I studied Physics at the University of Bayreuth, the Technical University Munich, Germany and - for an Erasmus exchange year - at Univeriste Piere et Marie Curie (Paris VI), France. During my Diploma thesis (Master's equivalent) in Wolfgang Baumeister's lab at the Max Planck Institute for Biochemistry, Martinsried, Germany, I worked on methods to reduce radiation damage on biological specimen during cryo-electron tomography. I subsequently moved to Tübingen to start a Ph.D. thesis with Bernhard Schölkopf, Detlef Weigel and Gunnar Rätsch. My main focus now is to develop and apply new machine learning techniques for genomic sequence analysis.

Publications:

A list of publications can be found here.

Research Interests:

Gene Finding:
Domain Adaption for Genomic Sequence Analysis:
My main interested in domain adaptation methods is in their application to sequence analysis and in particular to gene finding.
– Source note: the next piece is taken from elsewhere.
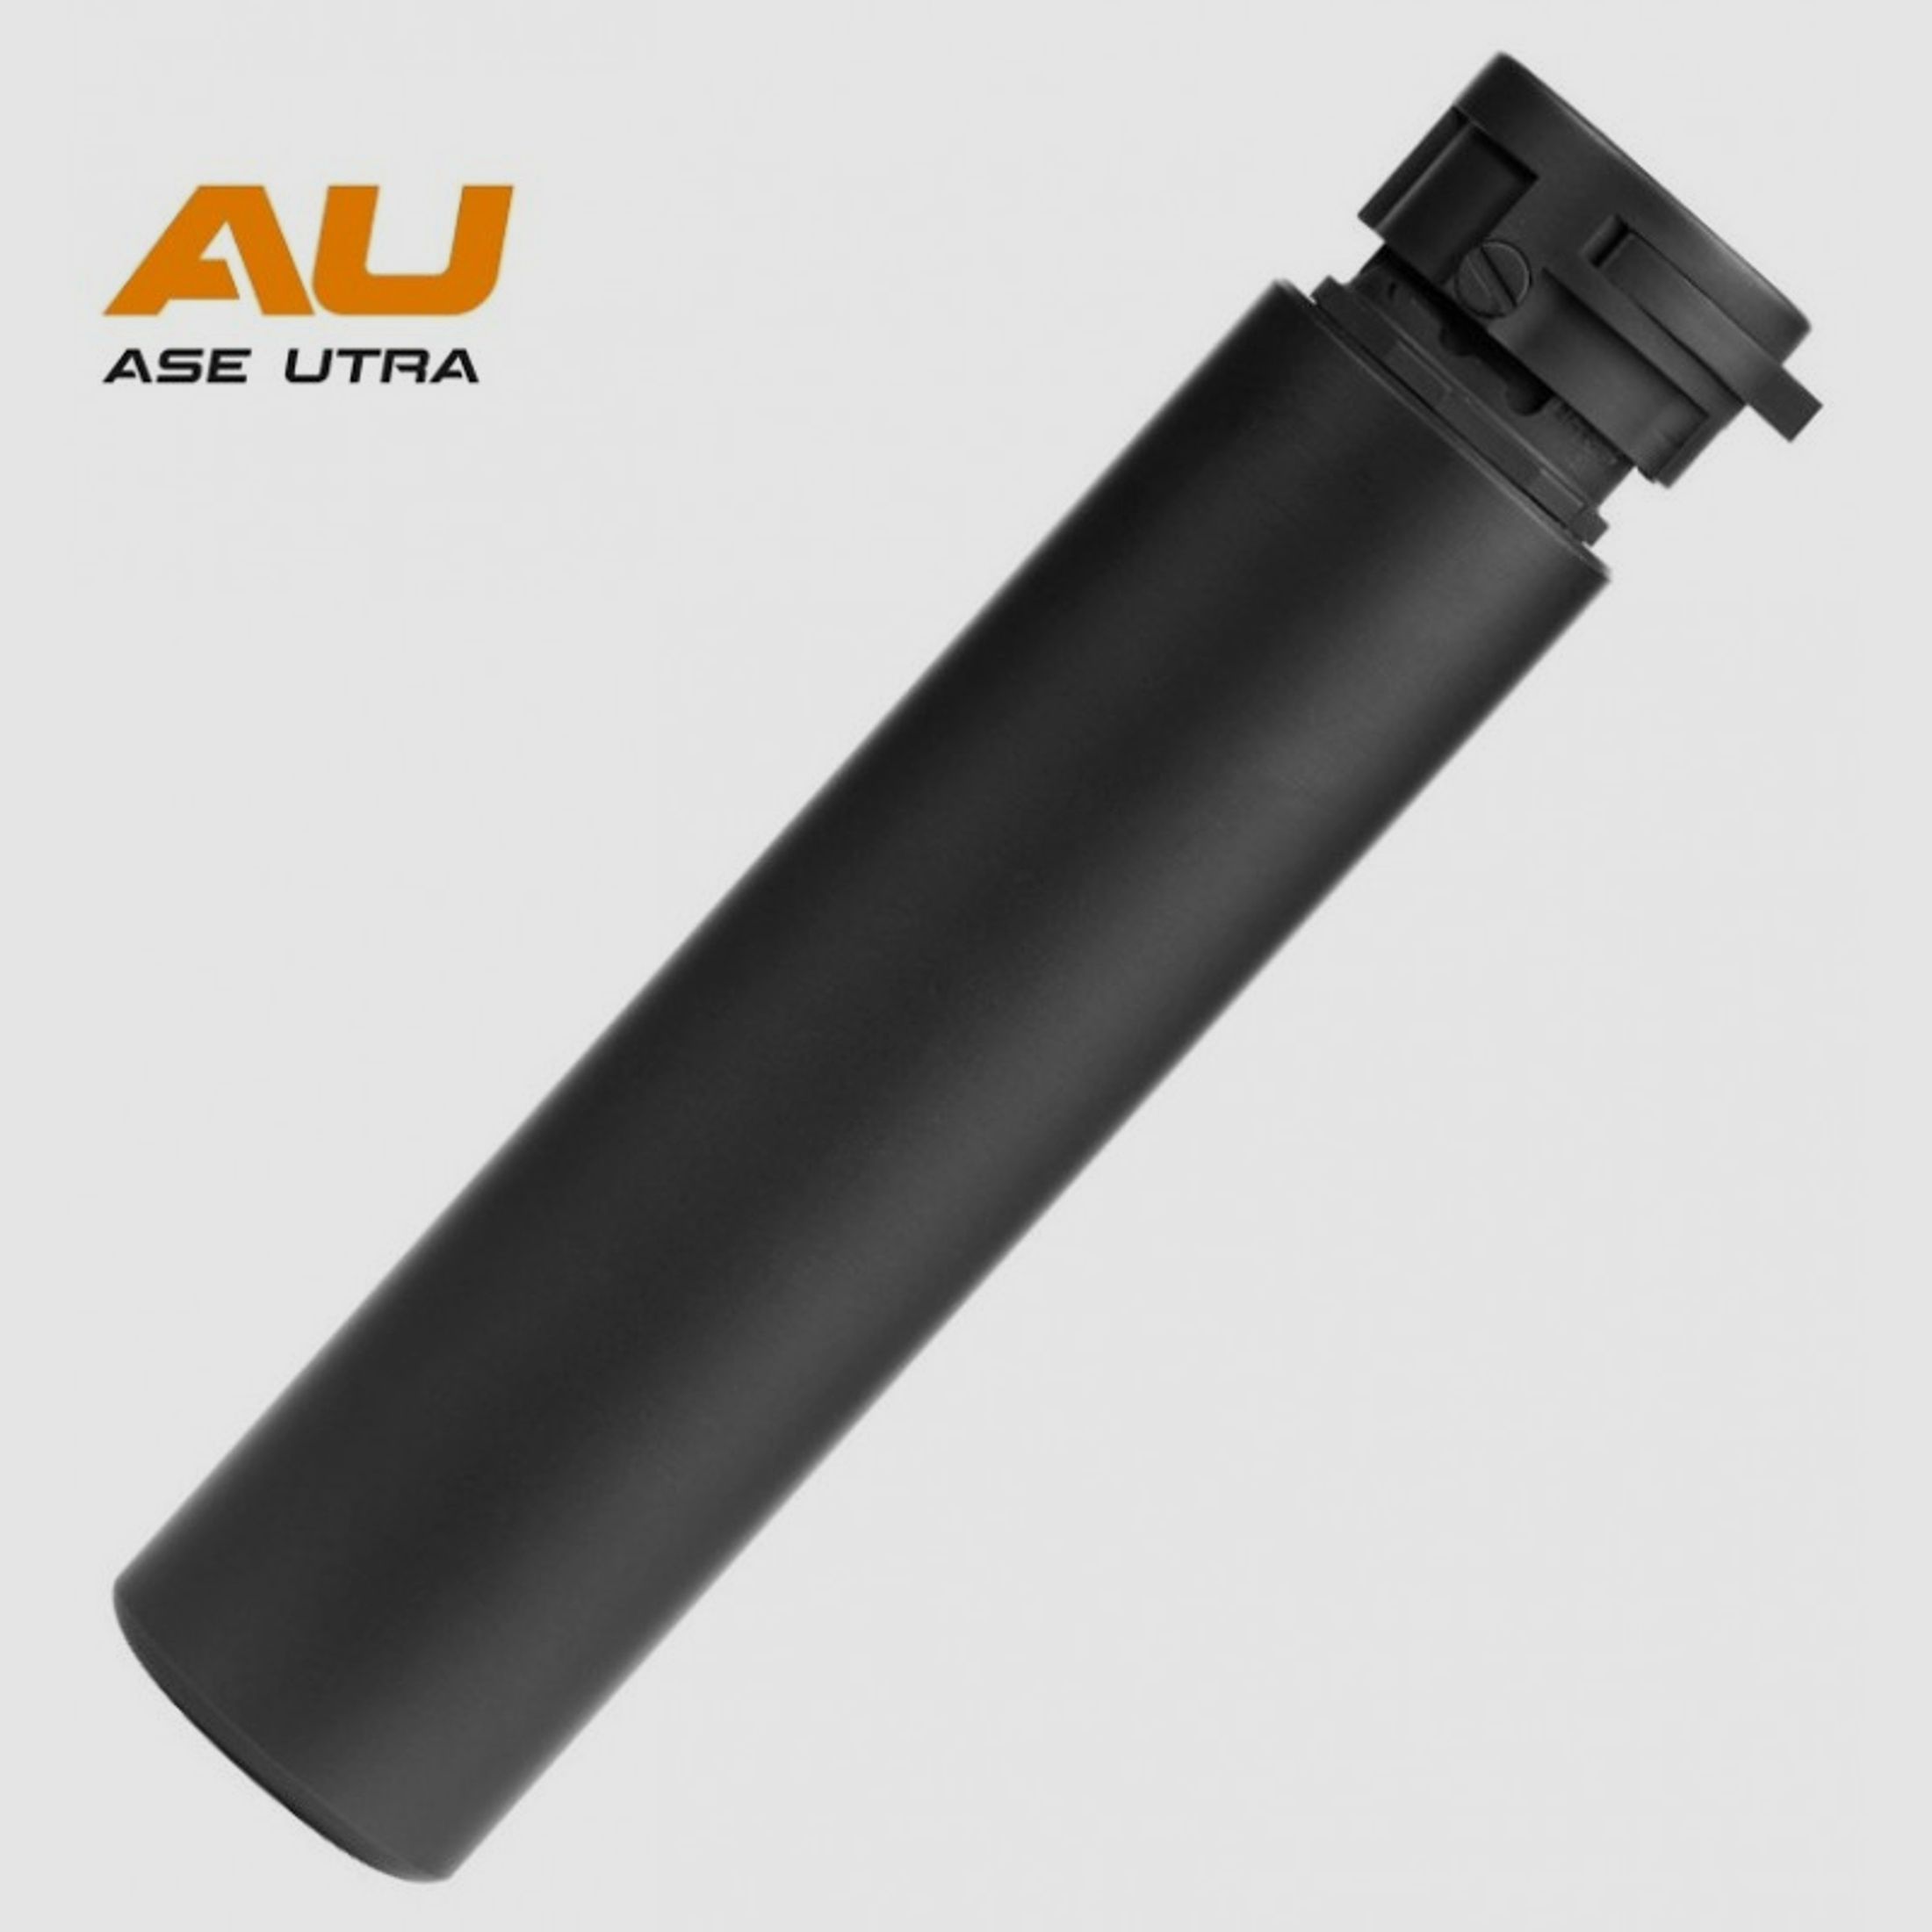 Ase Utra S Serie SL8i -BL .300 BLK Schalldämpfer(Cerakote-Beschichtung)

To date gene finding methods require a large amount of labeled data (e.i. previously annotated genes) to train a model for the subsequent prediction of unknown genes in the rest of the genome. To achieve highly accurate predictions, training is performed for each organism separately, e.g. a model learnt on fly genes is not working well to predict genes in a worm genome as the characteristics of the genes have diverged during evolution. However, it is also known that the cellular machineries that are responsible for transcription, processing and translation of genes are highly conserved between organisms. Therefore the tasks of predicting genes in flies and worms are similar albeit different. By applying domain adaptation techniques we try to close the remaining gap.
Inference of Alternative Splicing:
SNP Detection in A. thaliana:
As part of the resequencing project for 20 diverse strains of the model plant Arabidopsis thaliana, I have developed a SVM-based method for accurate detection of single-nucleotide polymorphisms (SNPs) from hybridization data. We have thus identified more than 1 million SNPs. Assessing the effects of the nonredundant SNPs on the annotated protein-coding genes we have found many that have a large impact on gene integrity, e.g. more than 1000 SNPs introduce premature stop codons.